"Let me do it myself."
A Montessori primary program is a multi-aged pre-school and kindergarten program. During this full cycle of 3-4 years (depending on a child's birth date), children are guided towards the acquisition of social, intellectual and practical skills that foster caring, self-confidence and independence.

Children begin at two years, nine months and stay in the program until they complete their kindergarten year and are ready to enter the first grade. It is during this period that the child acquires skills and knowledge at a rate that is never again seen in his lifetime. The young child needs to be actively involved in order for the learning process to take place. This is not a time for children to sit and listen. A child of three seeks to become independent. Often one hears the young child say, “Let me do it myself!” Children also want to imitate the adults around them. They need to practice the self-help skills that are necessary to help them grow into independent individuals.

The class environment is carefully prepared to encourage movement, sensorial exploration and independence. The children are introduced to progressively challenging activities in practical life, sensorial, language, math and cultural areas of the environment.
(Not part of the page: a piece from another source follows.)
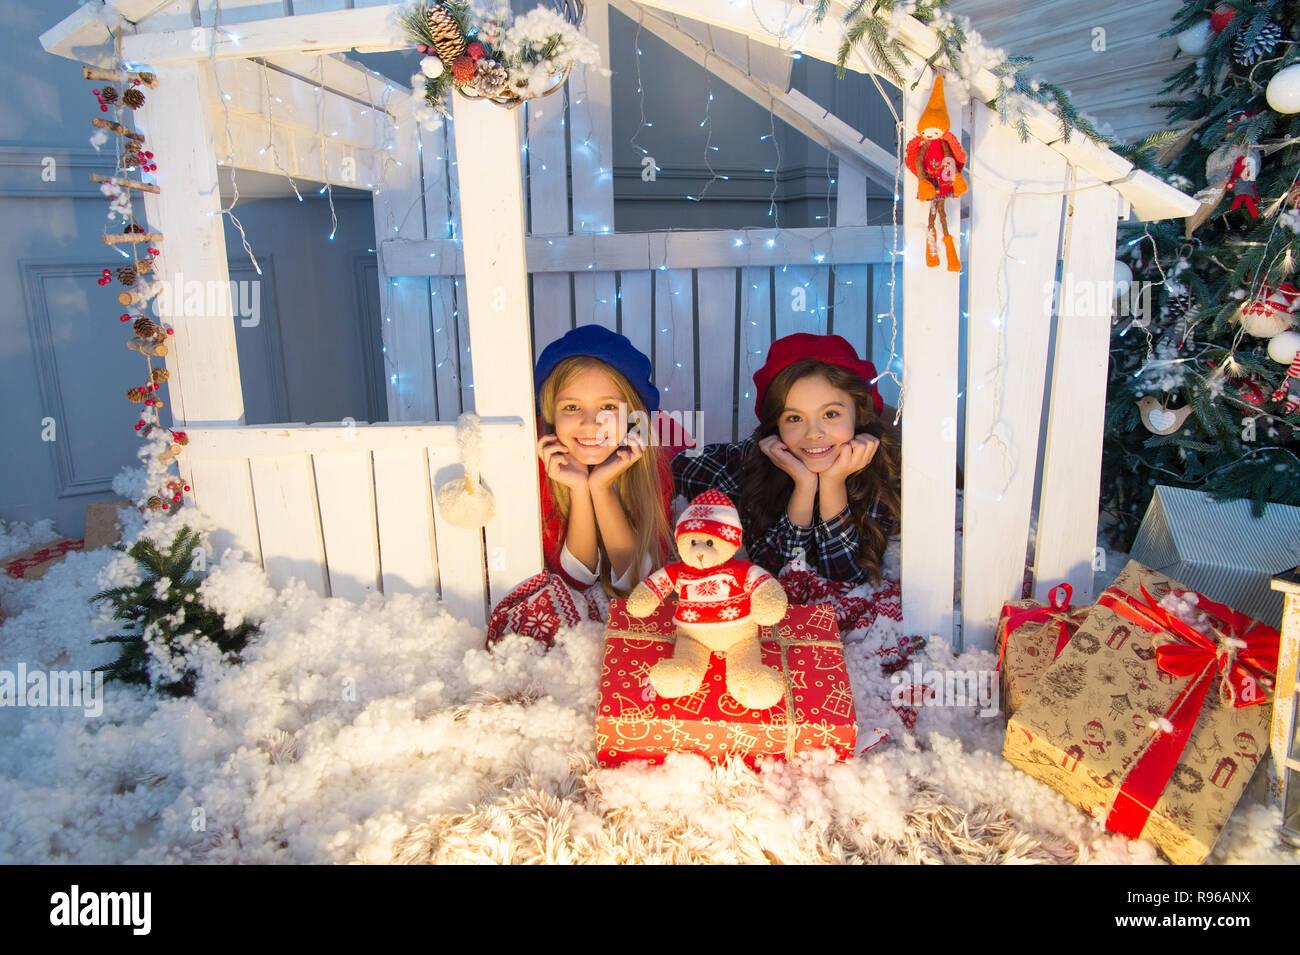 Kinder Geschenke Weihnachten 2019.Boxing Day Ist Der Tag Nach Weihnachten Glückliche Kinder Im Haus

Most lessons are given individually, allowing children to progress at their own pace and leave the primary program with refined concentration skills, self confidence, and a joy for learning.

Practical Life

Practical Life is often considered the heart of a Montessori classroom. Young children’s strong urges to become more independent will guide them to practice real life skills such as pouring, buttoning and zipping. Observing in a primary classroom, one will see children washing a table, polishing a piece of silver or squeezing an orange for morning snack. These activities allow the children to fully engage their bodies while developing stronger levels of concentration. Practicing these skills result in refined motor skills, improved concentration and an increased level of independence.

Sensorial Materials

These materials allow our young explorers to refine their sense perceptions through matching, grading and classifying sensory experiences. All five senses are explored: visual, auditory, tactile, gustatory, and olfactory. These exercises assist the child in the development of his intelligence, helping the mind to organize and categorize these sensory perceptions. This serves as building blocks for later studies in language, mathematics and geometry.
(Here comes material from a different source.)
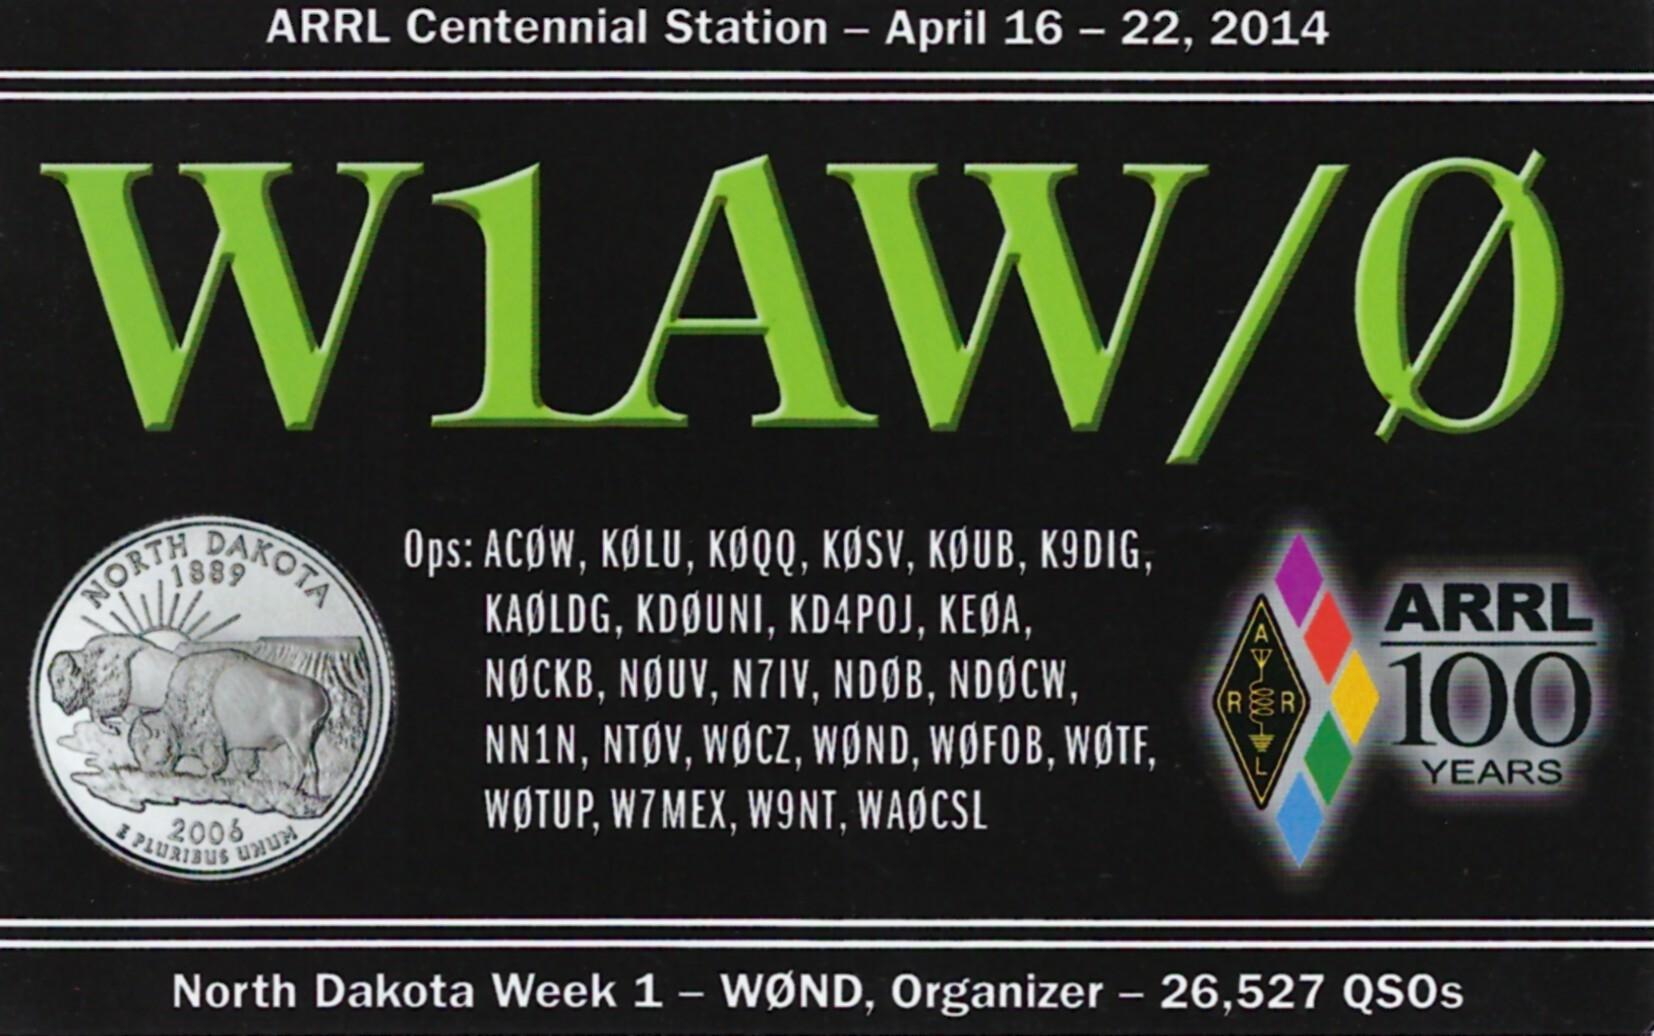 W1AW-0 ND

Children are introduced to the concepts of math through concrete experiences. They learn by manipulating physical representations of abstract concepts, something very unique to Montessori classrooms. This gives the child the opportunity to physically experience math operations such as addition and subtraction and serves as a foundation for later memorization of math facts. After learning numbers one to nine, children work on teens and tens, alongside number chains up to one thousand. Later children are introduced to all the operations of math with the “golden beads” and begin work with the memorization of math facts. Telling time and introduction to fractions round out the curriculum.


The Montessori child is immersed in an environment rich in diverse language materials. Children begin phonemic awareness with activities where they learn the sounds of the alphabet. A wonderful game called the sound game highlights the initial, medial and final sounds of words, so important for early reading. Children work with sandpaper letters that help with muscular memory and move on to the moveable alphabet, a hands-on material that promotes writing. As they become proficient with making phonetic words, children are introduced to digraphs, diphthongs and sight words. Reading is a fun activity where children sound out and discover the written word. Later they are introduced to parts of speech, using exciting hand-on activities.

Cultural Studies

Children are introduced to many cultures through art, music and geography. Our diverse community is celebrated during a week long introduction of cultures found throughout the world in October. Children work with puzzle maps of all the continents, followed by language cards for early readers. Science is discovered through hands-on experiments where children learn basic scientific theories in biology chemistry and even physics! In music, children study harmony and melody, using a beautiful material called the bells. In art children learn outline, drawing and color, using creative materials of the teacher’s choosing.